Where Is Obama Going?
This article is from the archive of The New York Sun before the launch of its new website in 2022. The Sun has neither altered nor updated such articles but will seek to correct any errors, mis-categorizations or other problems introduced during transfer.
The more we reflect on the confirmation hearings for the proposed promotion of Senator Hagel to the Pentagon, the more we are left with a feeling that the Senate is failing to address the central question. The same is true for Senator Kerry’s elevation to the State Department. The solons gave him a total pass. The armed services committee did a better job in exposing Senator Hagel. But neither hearing confronted the question that is at the bottom of all this sturm and drang. Where is this administration going strategically in respect of foreign policy?
We now have at Foggy Bottom a state secretary who came home from Vietnam to condemn his fellow GIs as war criminals and who, with our fighting men and women still under attack on the battlefield, met with enemy envoys at Paris and openly endorsed their demands.
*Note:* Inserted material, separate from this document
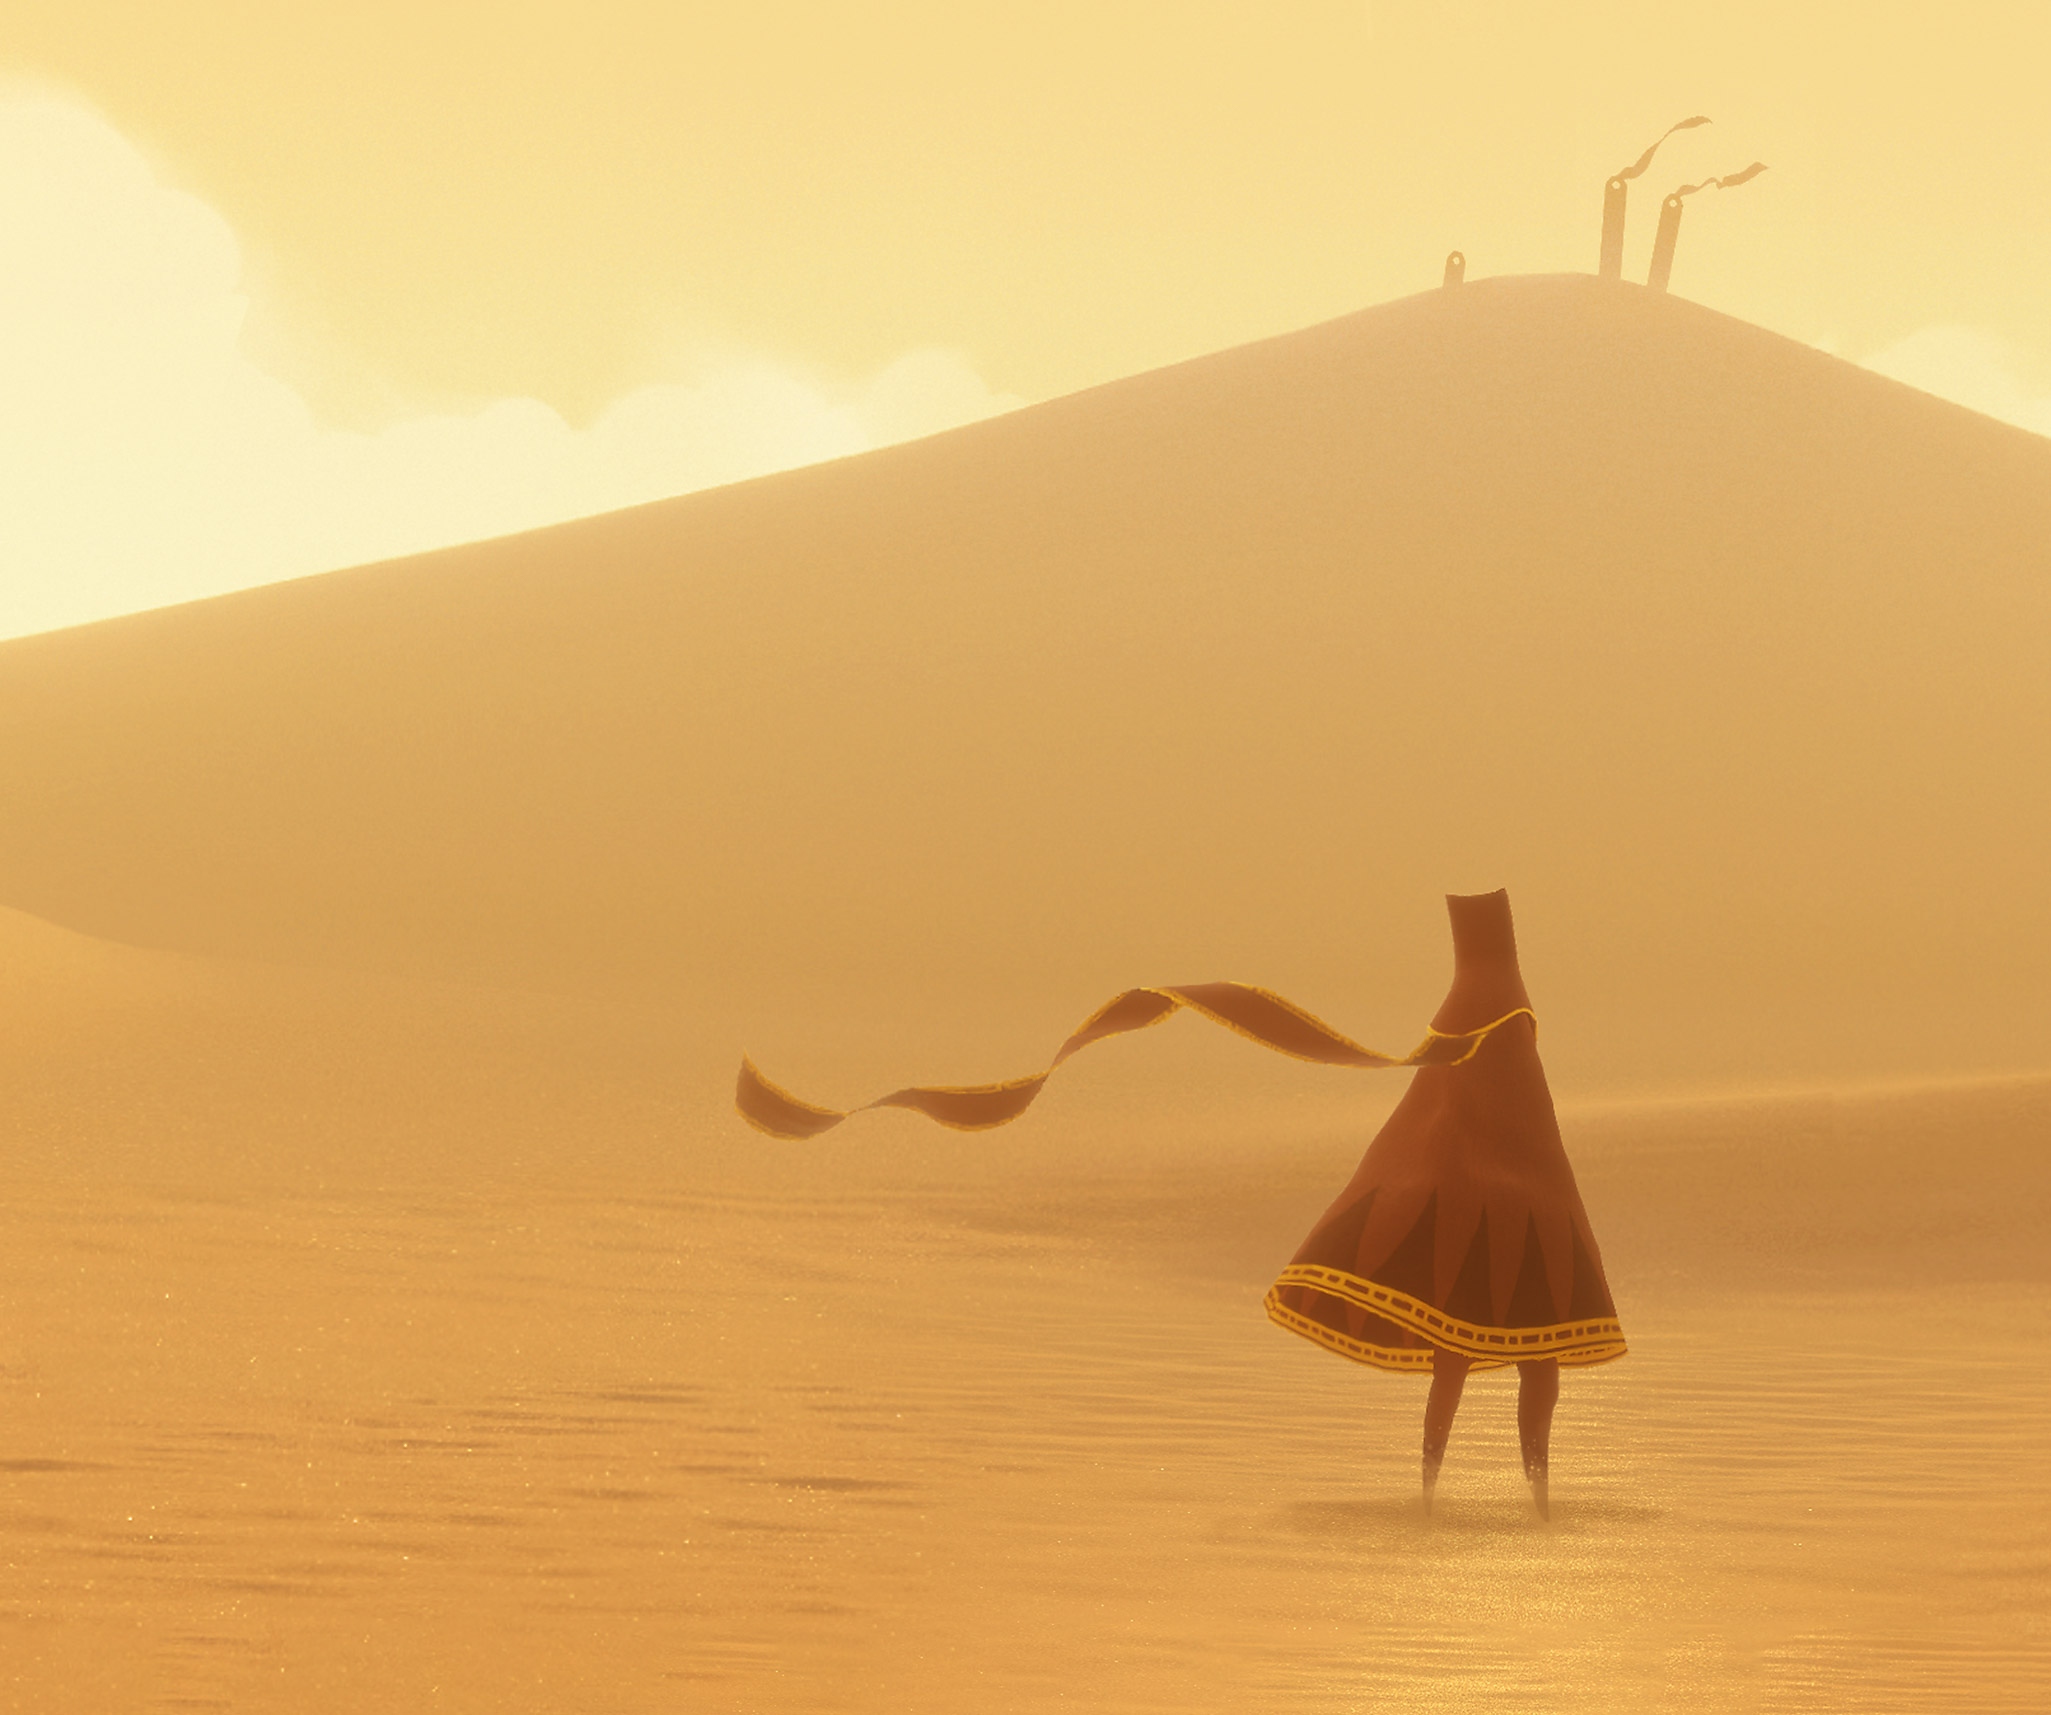 Journey-afbeelding van het hoofdpersonage 'The Traveller' in een uitgestrekte, zonovergoten woestijn.
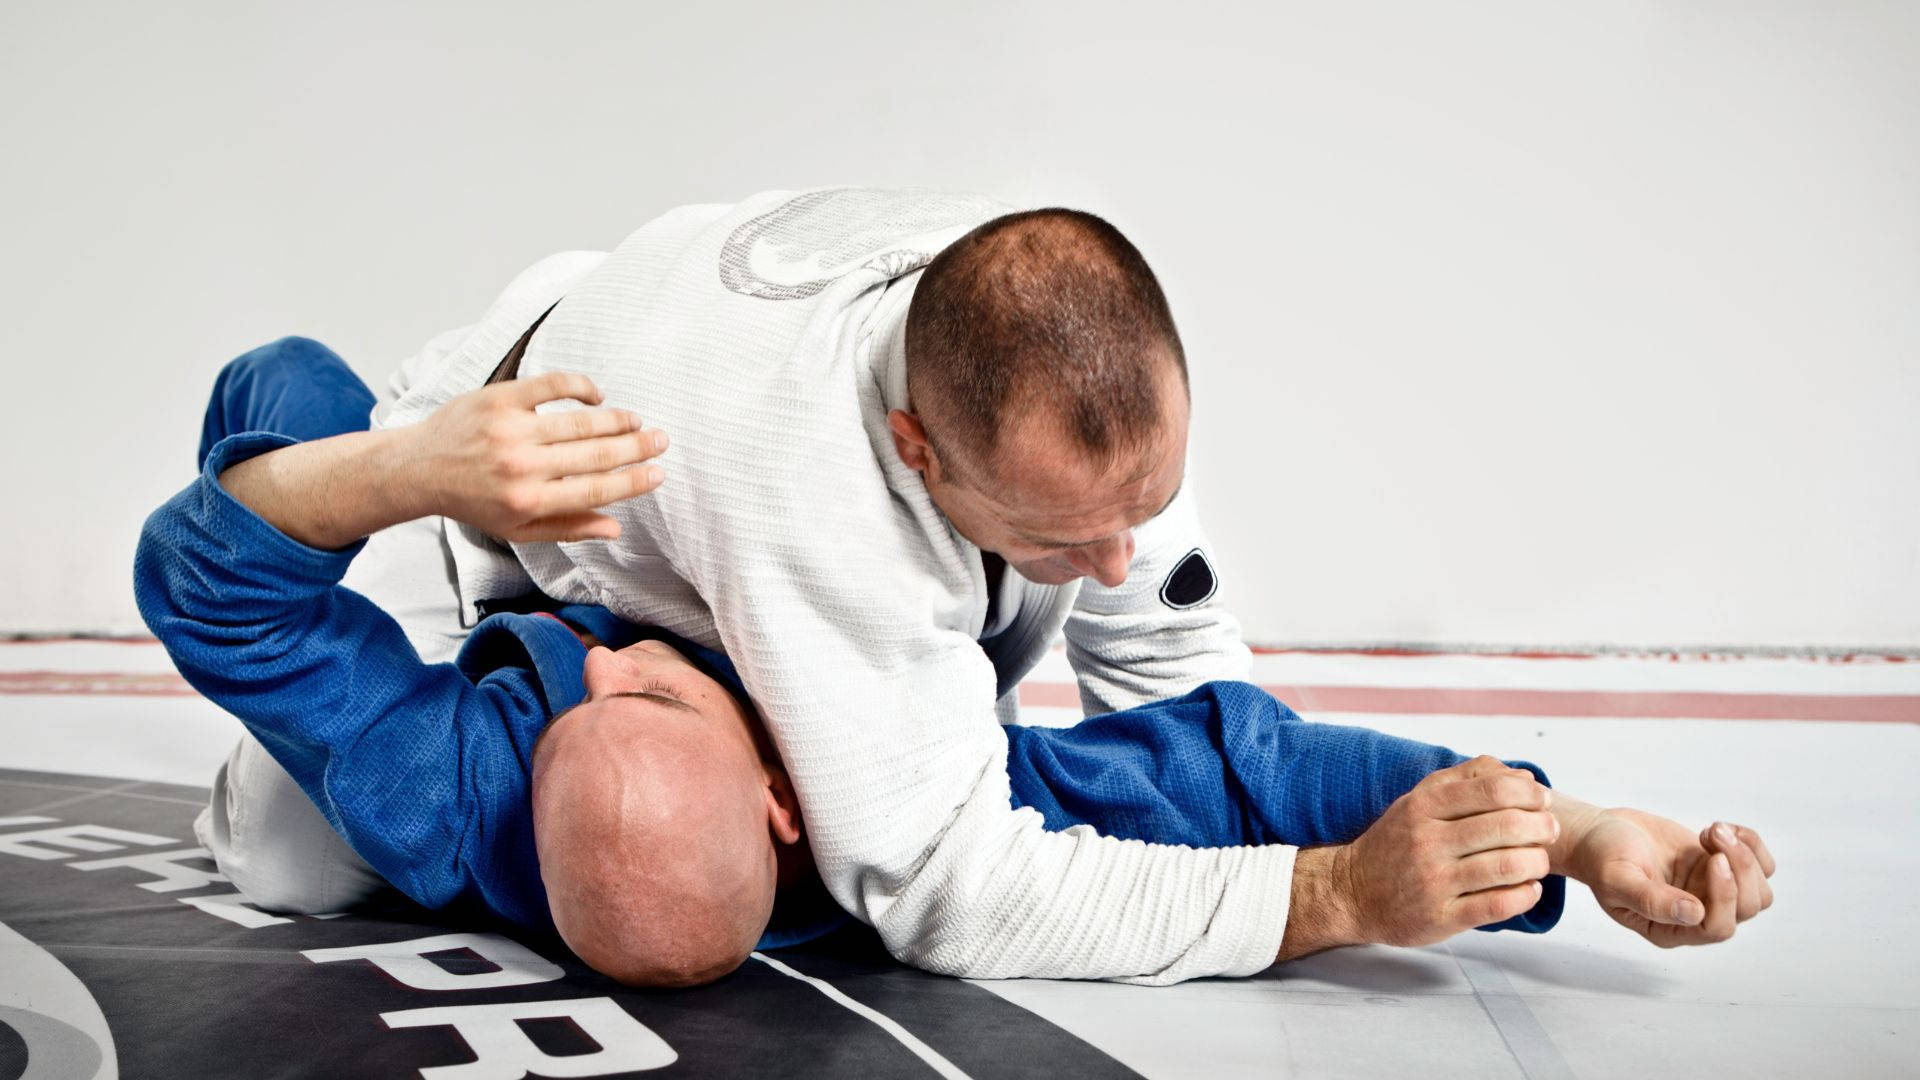 Brazilian Jiu-jitsu Martial Arts Sports Action Background

Now, if Senator Hagel is confirmed, we will have at the head of defense a figure who after his own turn against our GIs in the middle of the war, has dedicated his career to a similar betrayal of those we have stood with in the Middle East.
These two figures are being elevated to high office by a president who, shortly before being reelected, boasted to the Russian president, in a conversation about missile defense, that “after my election, I have more flexibility.” He didn’t mean that he would have “more flexibility” to stand up to our adversaries. He meant more flexibility to accommodate them. Mr. Medvedev promptly said he would relay the message to the former KGB agent who runs Russia, Vladimir Putin. Now Mr. Obama is seeking to elevate to the top of the war department a figure who came to agree with, say, Bill Ayers on Vietnam and has been a leading advocate of American retreat.
So where are the questions about strategy? Where precisely does this administration intend to take American in foreign policy? Supposedly Mr. Obama is working on some kind of “pivot” toward Asia. How is he going to lead an American advance into Asia with secretaries at State and Defense who spent the formative years of their careers plumping for a retreat from Indochina? After all, the People’s Republic of China whose 122mm rockets were shelling our GIs in Vietnam is run by the same Communist Party that is today building aircraft carriers and testing our red lines in the seas of Asia.
These columns do not gainsay the fact that President Obama won the election. That is no small thing. It is an enormous thing, even if the number of persons voting for him plunged from 2008. On foreign policy, though, it’s starting to look like Mr. Obama is, to use his own wonderful phrase, getting way, way out ahead of his skis. For our part — we’re but one modest, online newspaper — we have a hard time seeing Mr. Hagel as defense secretary. What, though, is Mr. Obama doing? It strikes us that before the Senate votes him anything, let alone confirms a defense secretary, it would be logical to get a handle on where the administration intends to go on foreign policy.